In an interesting little twist, Russian Defense Ministry spokesman Igor Konashenkov suggested the very fact the pictures were tweeted should discredit them. "Such materials weren't posted on Twitter coincidentally," he said, "since it's impossible there to establish their authenticity due to the lack of exact reference to the location and the extremely low resolution."

Last week, when U.S. officials warned that 15,000 Russian soldiers had gathered close to the Ukrainian border, the defense ministry hinted that this, too, was some sort of viral nonsense, and that social media should not be the main source of intelligence information about Russian forces, as if that were the case.

Washington appears to be considering seriously whether to provide the Ukrainian military with fresh intelligence data on the locations of pro-Russian rebel rocket systems, meaning, as the Kremlin sees it, that the U.S. would become directly involved in the fight against Moscow's proxies.

So the more "anti-Russian proof" the U.S. State Department publishes, the more irritated and furious Kremlin hardliners appear to become.

"The time has come for all of us to open our eyes and see that this war has grown into a war between the United States and Russia, with the United States pushing to expand their empire and overthrow Putin," says Yuri Kropnov, an analyst at a pro-Kremlin think tank based in Moscow. "Failure in Ukraine would threaten Putin's personal security," he told The Daily Beast in an interview, and that would "mean the end of Russia's sovereignty."
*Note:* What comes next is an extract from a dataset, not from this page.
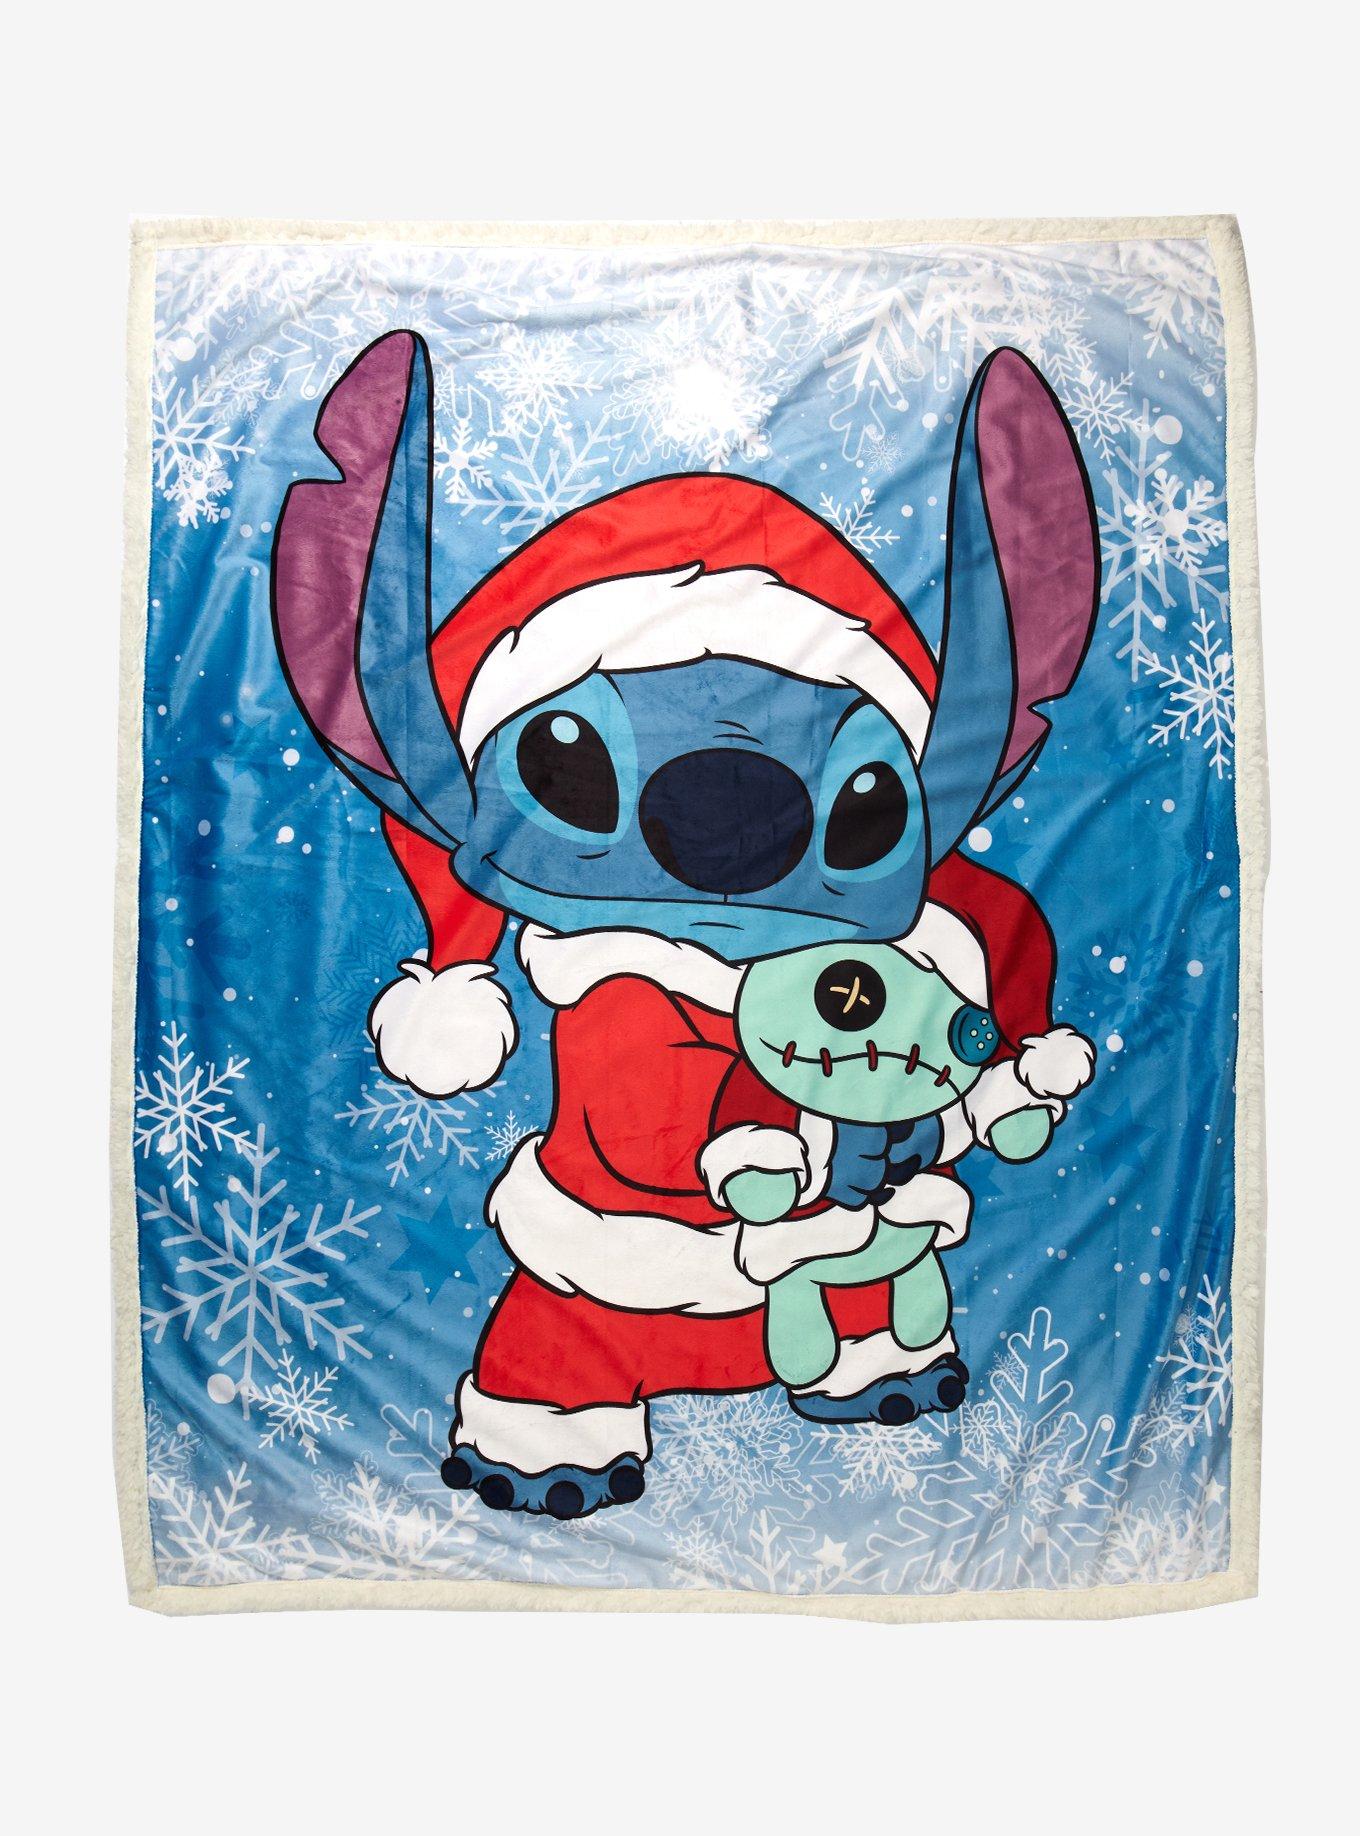 Lilo & Stitch © Disney blanket-style pyjamas - Cartoons - Collabs -  CLOTHING - Woman

Kropnov blamed a group of "Putin haters and Russophobes" who are part of the Moscow establishment but working against the Russian president. He singled out the "the Kremlin's man responsible for the war in Ukraine, Vladislav Surkov," formerly known as the "gray cardinal," and warned that "if Putin did not persecute those undermining his power now, there would be another real Maidan [popular uprising] in Moscow by September."

In addition to the government-imposed sanctions from Europe and the United States, the Kremlin had suffered another punch in the gut on Monday: An international arbitration court in The Hague ruled that Russia must pay back the shareholders of Yukos, once the biggest oil company in the country, for expropriating its assets. The price tag: $50 billion.

On Monday the director of the independent radio station Echo of Moscow, Aleksei Venediktov, said on his popular "Special Opinion" show that it's time the Kremlin admits who really shot down Malaysia Airlines Flight 17 over eastern Ukraine if it wants to avoid even more serious economic sanctions imposed by the European Union and the real economic disaster that would follow.

Venediktov said he is "95 percent" sure that pro-Russian rebels brought down MH17, but "we stubbornly refuse to admit it," he said, and thus give the West an excuse to continue punishing Russia with tougher sanctions. Kremlin officials are "acting as press secretaries for the rebels, separatists, demonstrating that we support them, help them, provide for them," said Venediktov. "I think it is a mistake."